**RECORDED INFORMATION:**
########
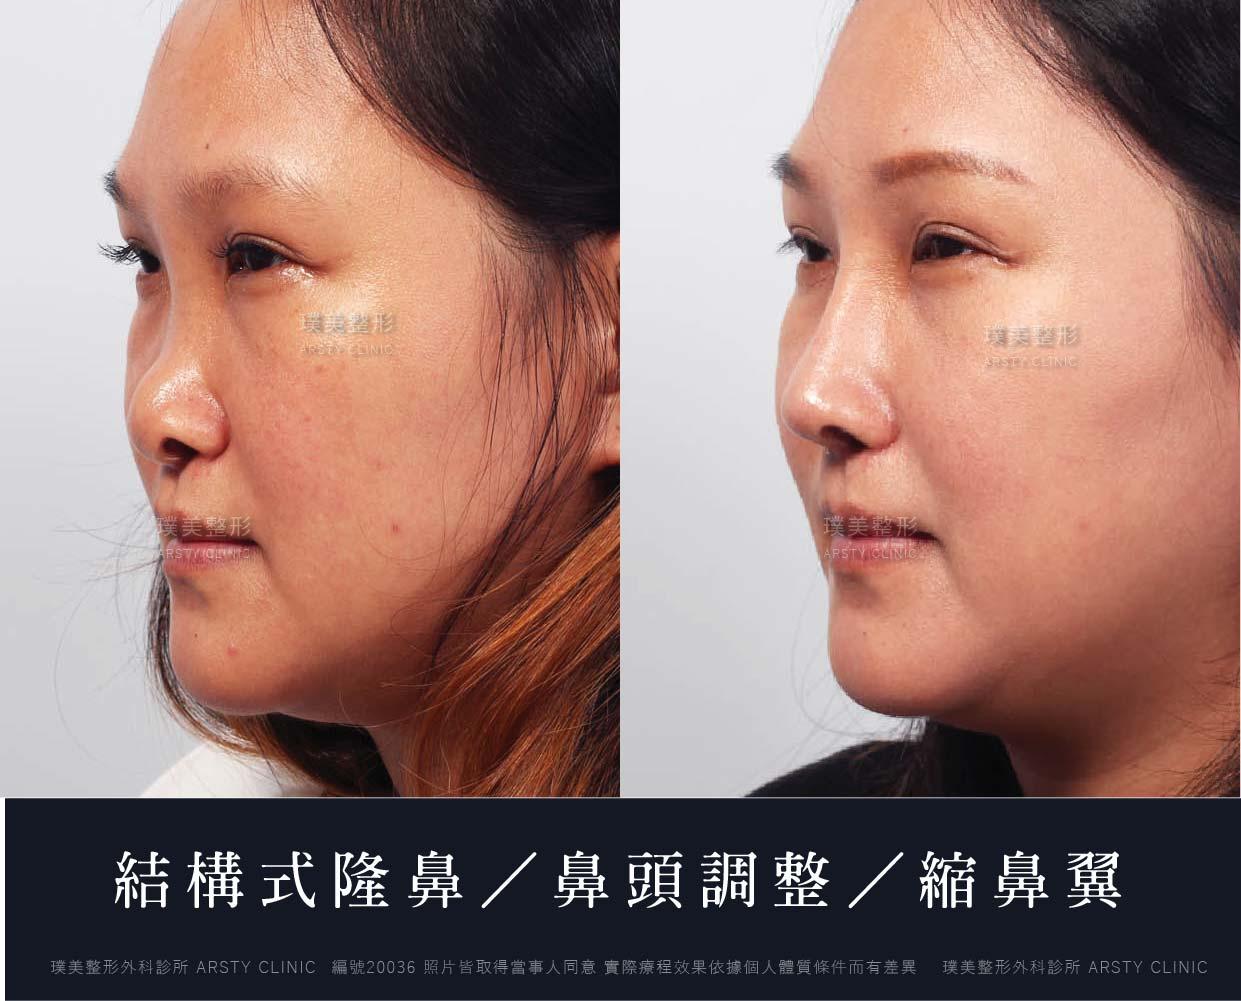 縮鼻翼手術 - 改善鼻翼弧度 隱痕自然 - 璞美整形外科
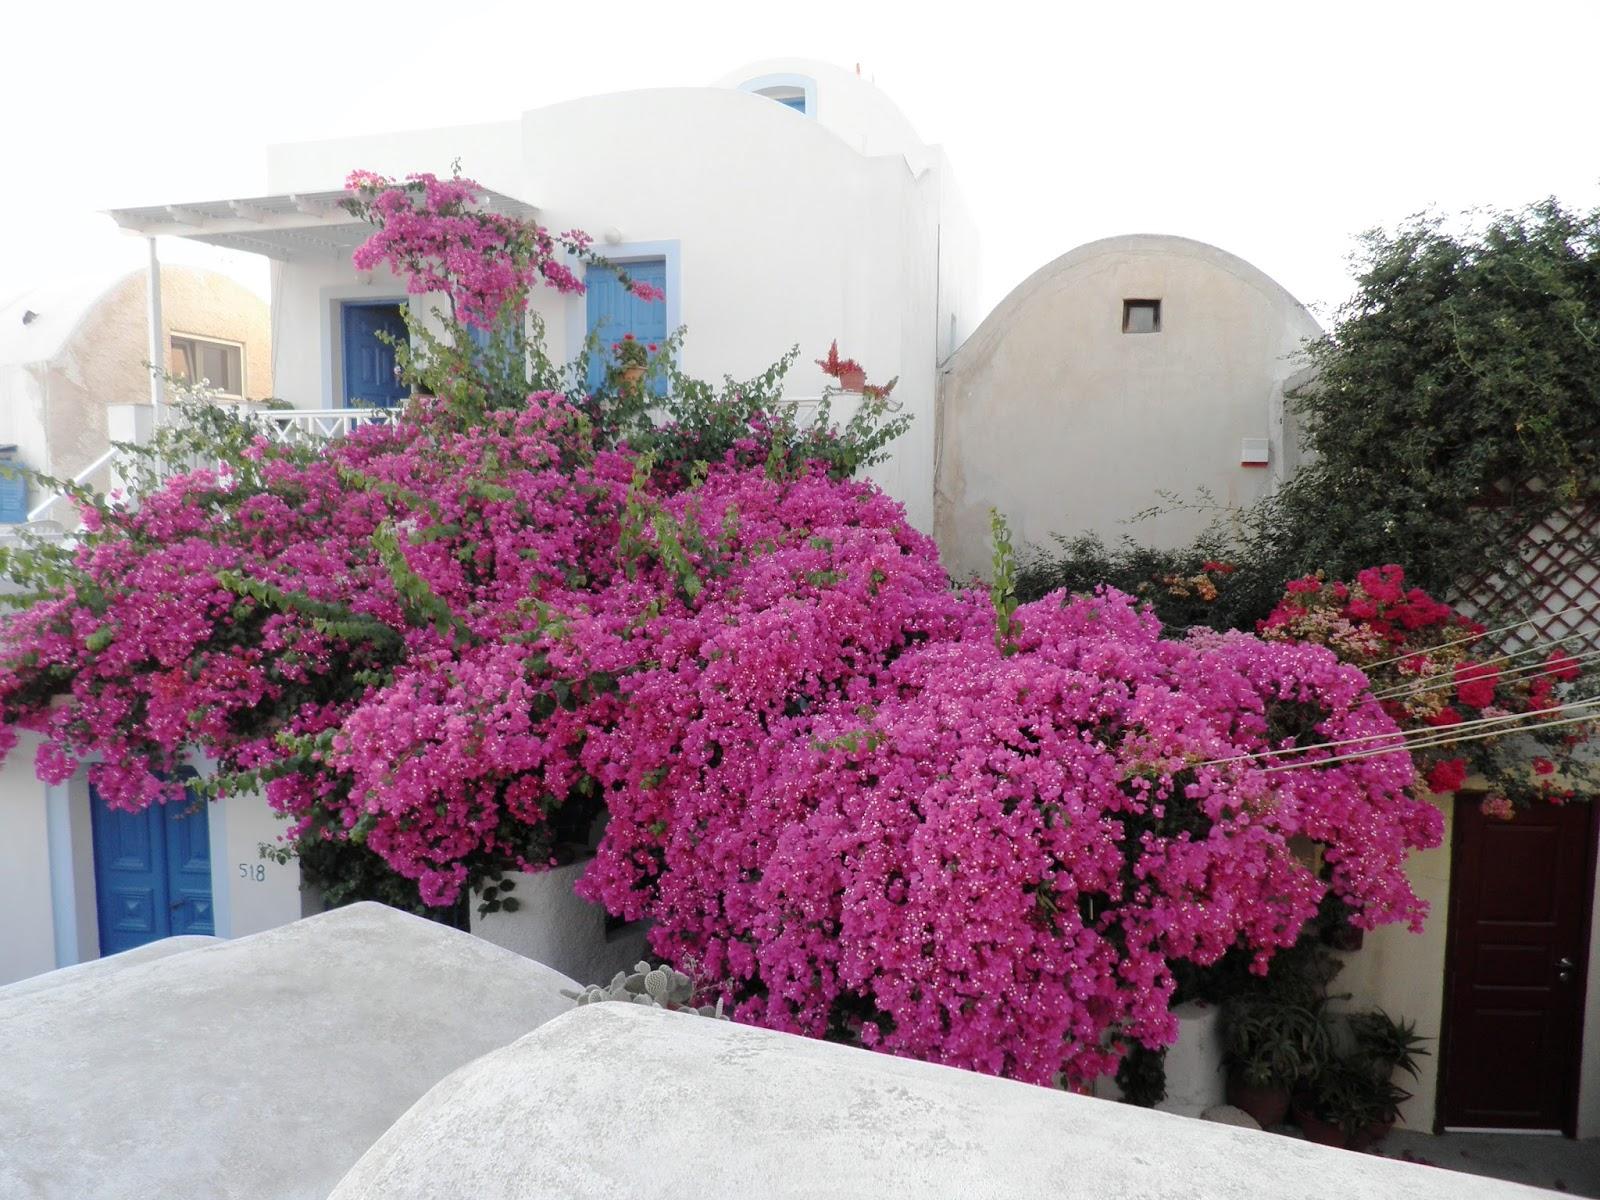 Bonsai de javier neila un bons i de buganvilla - Fotos de buganvillas ...
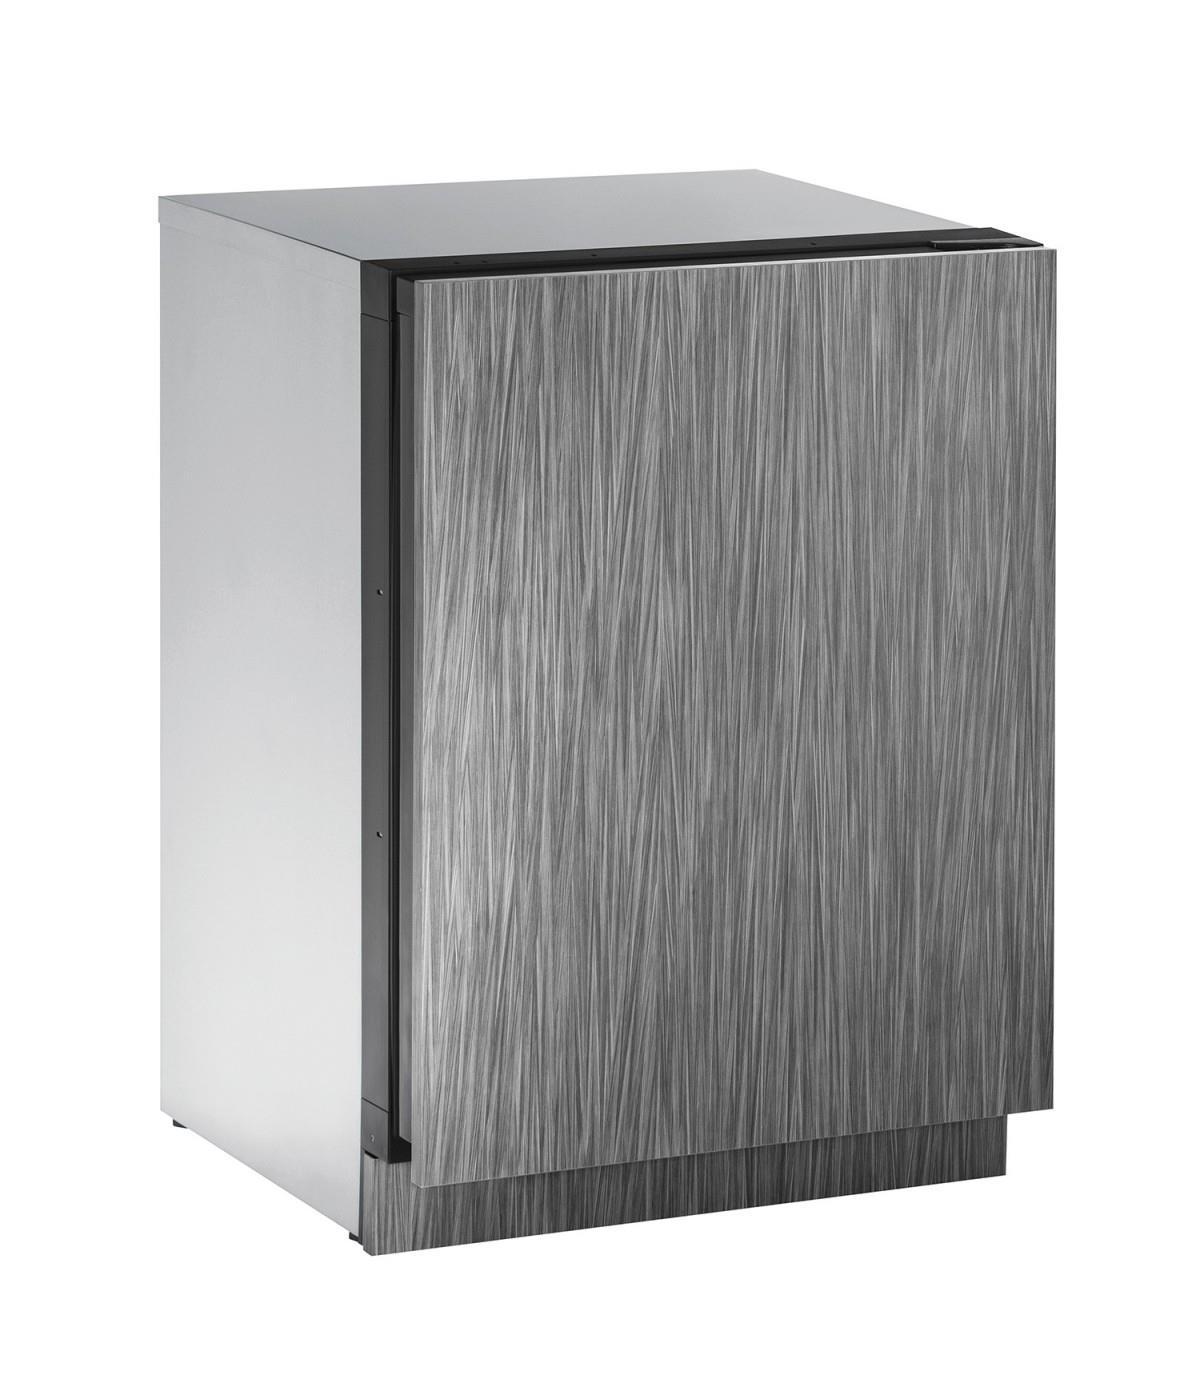 U-Line Refrigerators 4.9 Cu. Ft. 2000 Series Compact Refrigerator - Item Number: U-2224RINT-01A
########
**EXERCISE GOAL:**
All lines of the material above should be returned unchanged, but no pictures should be included.

**WRITTEN SOLUTION:**
 縮鼻翼手術 - 改善鼻翼弧度 隱痕自然 - 璞美整形外科
 Bonsai de javier neila un bons i de buganvilla - Fotos de buganvillas ...
 U-Line Refrigerators 4.9 Cu. Ft. 2000 Series Compact Refrigerator - Item Number: U-2224RINT-01A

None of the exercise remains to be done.